As vividly portrayed by Peter Mullan (a well-known Scottish actor who has previously appeared in "Trainspotting" and "Braveheart" as well as Loach's "Riff-Raff"), Joe has the gravity and self-containment of a compact, athletic man's man who has learned the hard way that he can't trust himself. He has seen both sides of his own nature -- beloved father figure to his dead-end kids and vicious, abusive drunk -- and understands that the line separating them is so fine it almost doesn't exist. When Joe meets Sarah (Louise Goodall), the careworn nurse who teaches infant-care classes at the local health clinic, he can flirt with her with a practiced roguishness and even scam her for a job hanging wallpaper (which he's never done before). But when it comes to asking her out, he's as shy as a 12-year-old; Joe is tangibly unsure that letting someone get close to him is a good idea for either of them.

If Sarah's prior history remains more than a little shadowy, that's the script's fault, not Goodall's.
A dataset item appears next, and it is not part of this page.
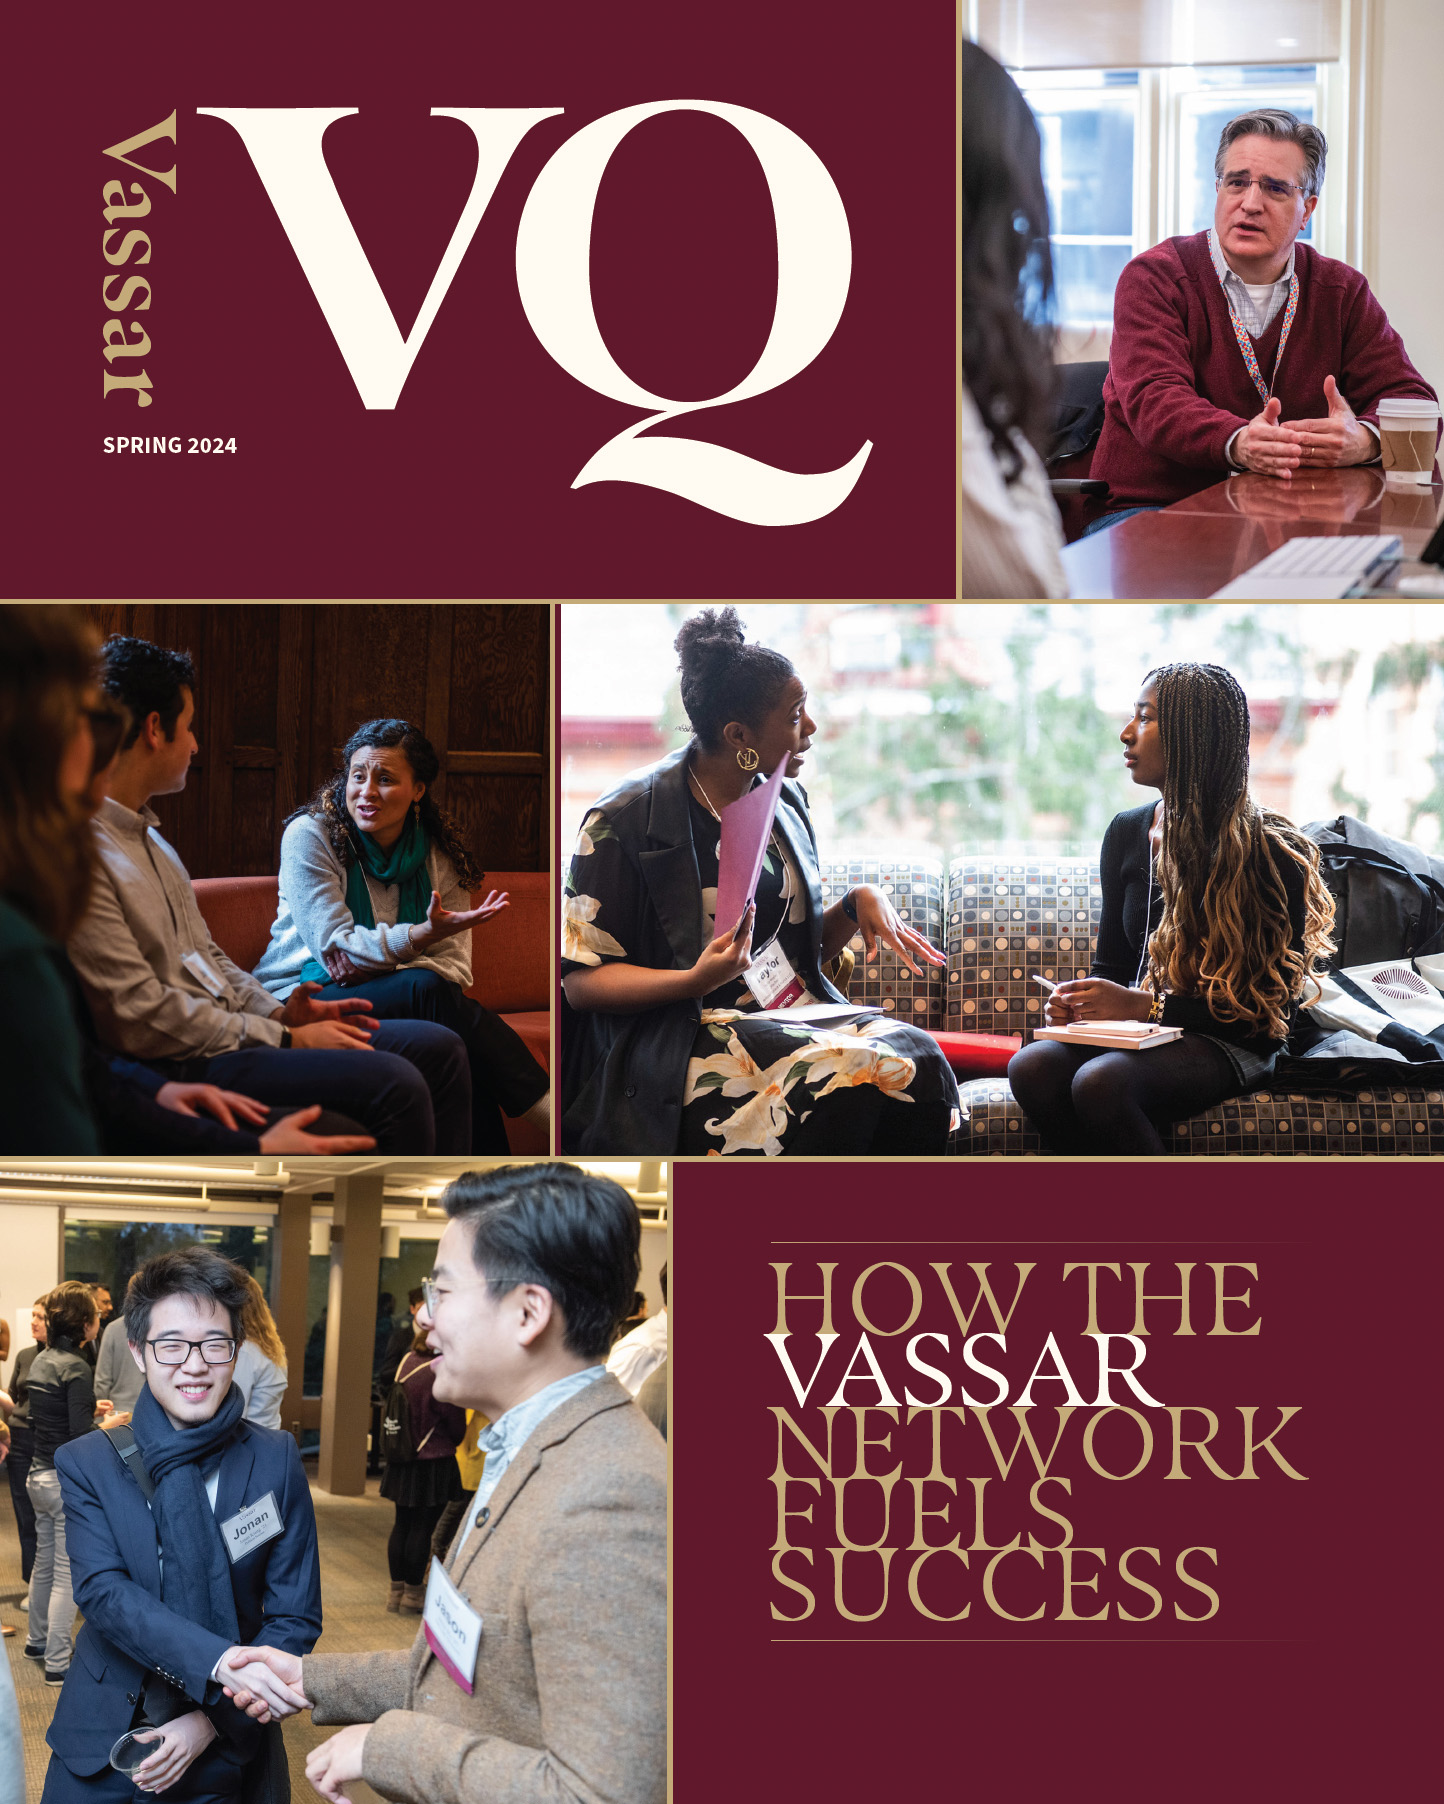 Magazine Cover Image of VQ - The Vassar Quarterly: How the Vassar Network Fuels Success. Four colage images. Top: Person talking to another person at a table with a window in the background. Middle left: Two people sitting on a couch listening to another person speak. Middle right: Two people facing each other on a fancy couch while speaking. Bottom: Two people standing and shaking hands in a conference room with people in the background.

Wearing the air of a woman who has sacrificed too much of herself for too little reward, Sarah can't help responding to Joe's attentions with an almost girlish eagerness, despite the understandable wariness that comes from daily exposure to the grimmer varieties of male behavior. Perhaps only Loach would try to elicit humor from a public-health nurse's struggle to communicate with her clientele -- when Sarah visits a young mother to inquire whether her infant son's testicles have descended properly, the woman is mystified. Patiently, Sarah tries again: "Are his wee balls hanging down all right?"
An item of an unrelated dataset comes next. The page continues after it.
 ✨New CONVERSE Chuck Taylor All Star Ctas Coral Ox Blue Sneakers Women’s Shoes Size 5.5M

All I can say about the tender, passionate and all-too-fragile love affair that blossoms between Joe and Sarah is that if you don't weep over this damaged pair as they go bowling, trade early-punk trivia questions and do their damnedest to accommodate their awkward, loner lives to each other, you have no heart. There has always been an emotional core to Loach's best work, a belief in personal and even romantic redemption, but it has never been so compellingly delivered, so free of the dutiful dogma that sometimes congests his films (see, for instance, the lengthy political debate that bogs down the middle of "Land and Freedom," his attempt at a Spanish Civil War epic). When Joe's efforts to rescue the most pathetic member on his soccer team from an evil fate lead to his own criminal involvement and threaten to pull him and Sarah apart, what's at stake isn't some political abstraction, but the death of the precious and improbable hope growing at this movie's center.

In a chilling scene where Joe blithely lies to Sarah about his criminal exploits, Mullan makes it clear that the arrogant, delusional personality of the hardcore drunk remains uncomfortably close to Joe's surface. Loach and Laverty, in fact, refuse to make easy excuses for Joe's decisions. Their point is more that life in places like working-class Glasgow enforces unacceptable bargains -- you can turn away from those you love to save yourself, or you can risk your own destruction for others, never knowing if any good will come of it.

Joe's rapid downward spiral into violence and disaster, and its startling resolution, may strike some viewers as overly melodramatic. But the intense naturalism of Loach's filmmaking -- as always, he uses natural light and actual settings, shoots in sequence and packs as many local non-actors into the cast as he can -- allows him to take extraordinary liberties with his narrative universe without destroying it. Like all successful tragedy, "My Name Is Joe" ends in profound sadness but not in despair. We can just barely believe, at the end of this resonant and moving film, that Joe and Sarah might have a future -- and we know how terribly high its price has been.


By Andrew O'Hehir

Andrew O'Hehir is executive editor of Salon.